I don't quite get it, I think daily as I open my eyes and look around: it literally is a wonder-full world. Wonderful life produces amazing art - in both of them it's all about living and experiencing, not achieving and understanding. "I don't quite get it" is also a comment often heard around contemporary art. "The most important aspect of art is the personal experience", responds Berndt Arell, the Museum Director of Kiasma, in this magazine.
Kiasma celebrates the opening of its next decade by focusing on the basic themes of art and art museum. The museum's mission is to make experiencing art possible and effortless, thus making it possible for the viewer to create and open up to his or her own experience.

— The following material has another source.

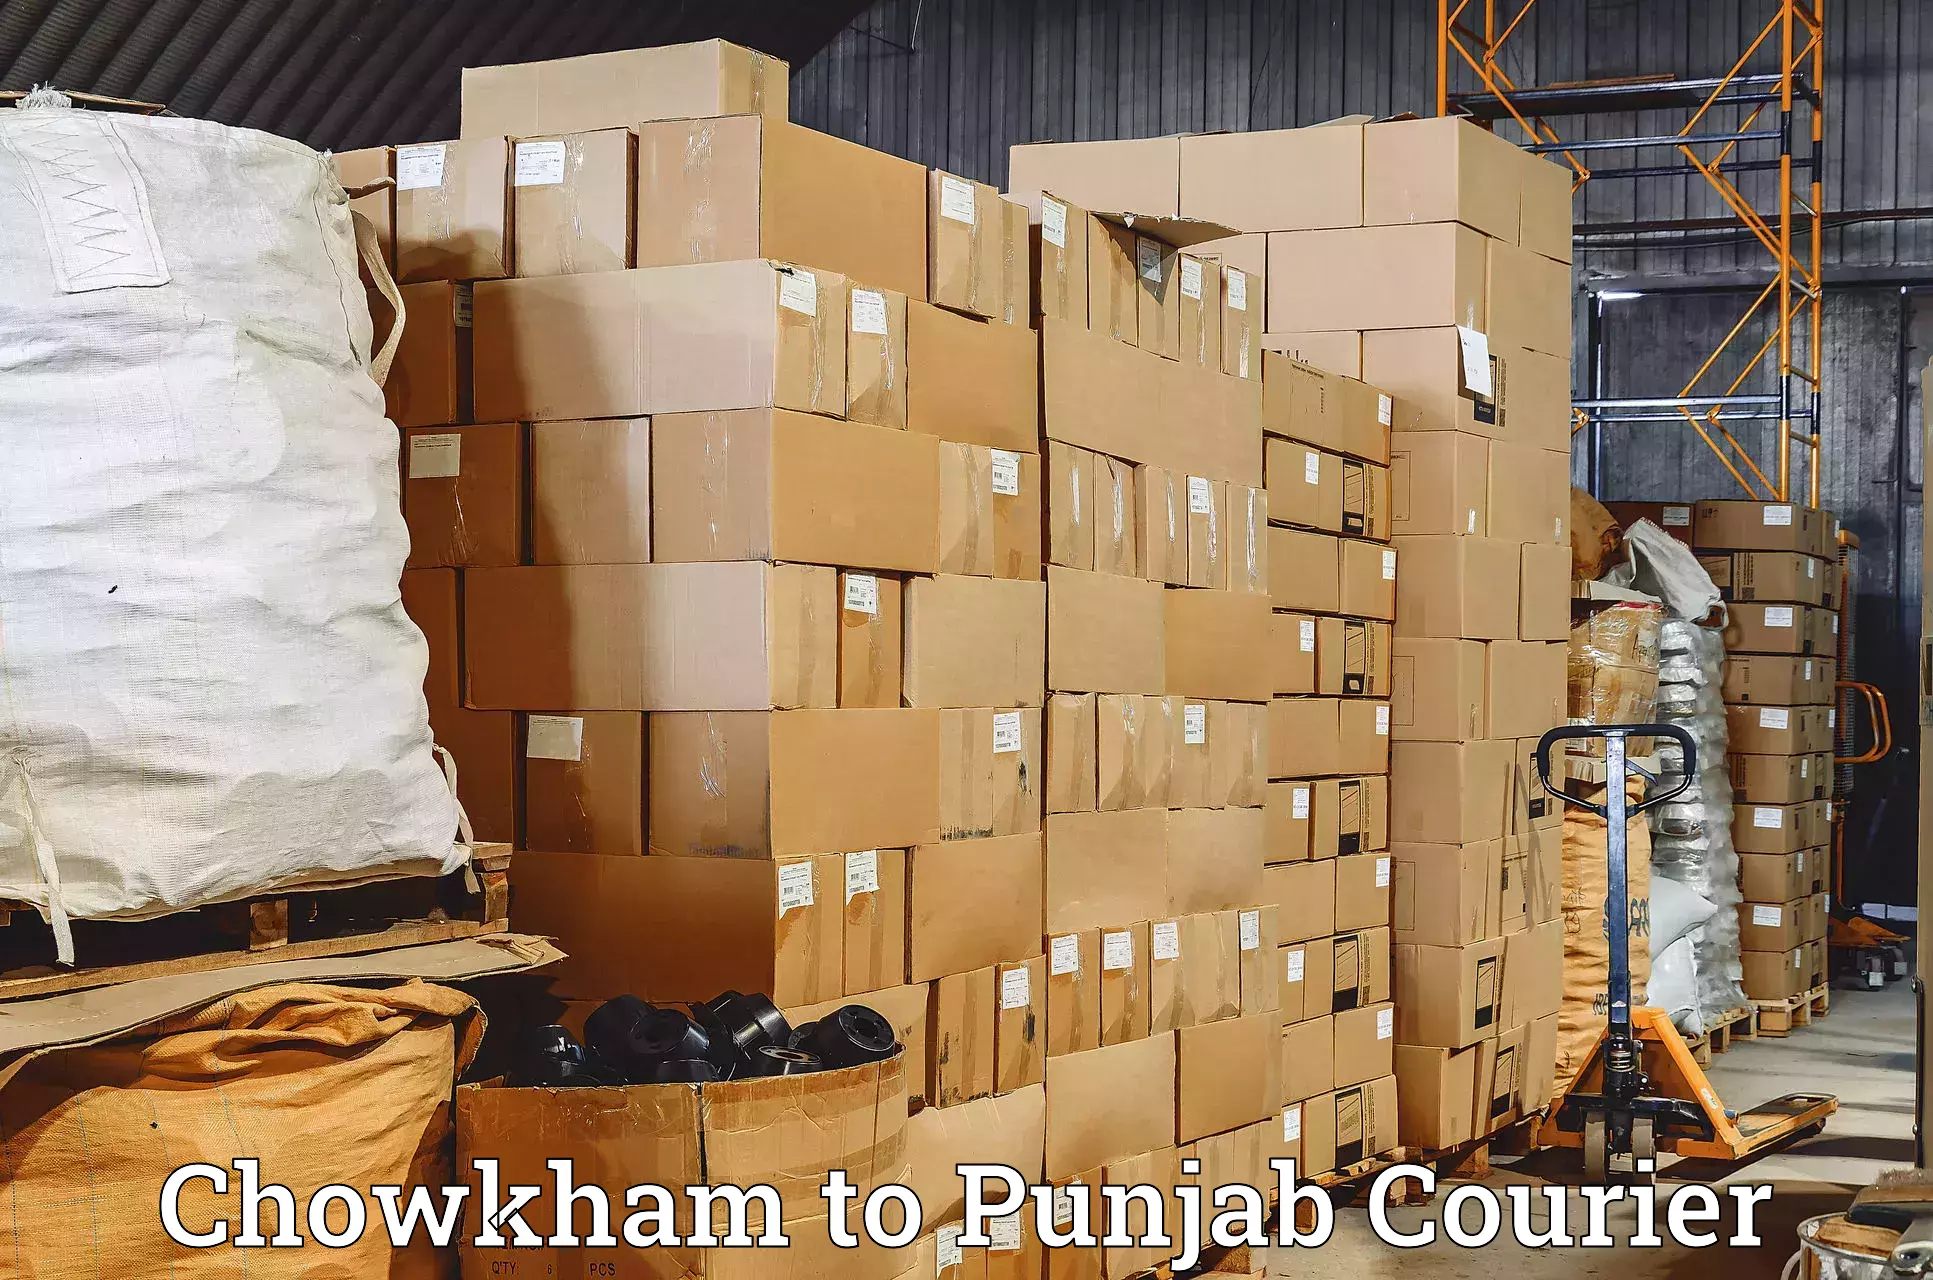 Courier service efficiency Chowkham to Pathankot

Even though all the ways to see, perceive and experience are equally correct, may hints of different approaches assist in getting more out of the experience. In the beginning of the year Kiasma introduces various viewpoints to image and - as we're dealing with contemporary art - the lack of it. The collections exhibition Image and After, the intimate photographs of Nan Goldin and the gargantuan paintings of Julian Schnabel all titillate the viewer to really see what is being looked at.
According to a professional art viewer a good art work gets you to react in several levels: it makes you ponder things and causes pure pleasure. Welcome to celebrating Kiasma to react, think, see, wonder, ponder, realize, feel, understand, enjoy - experience!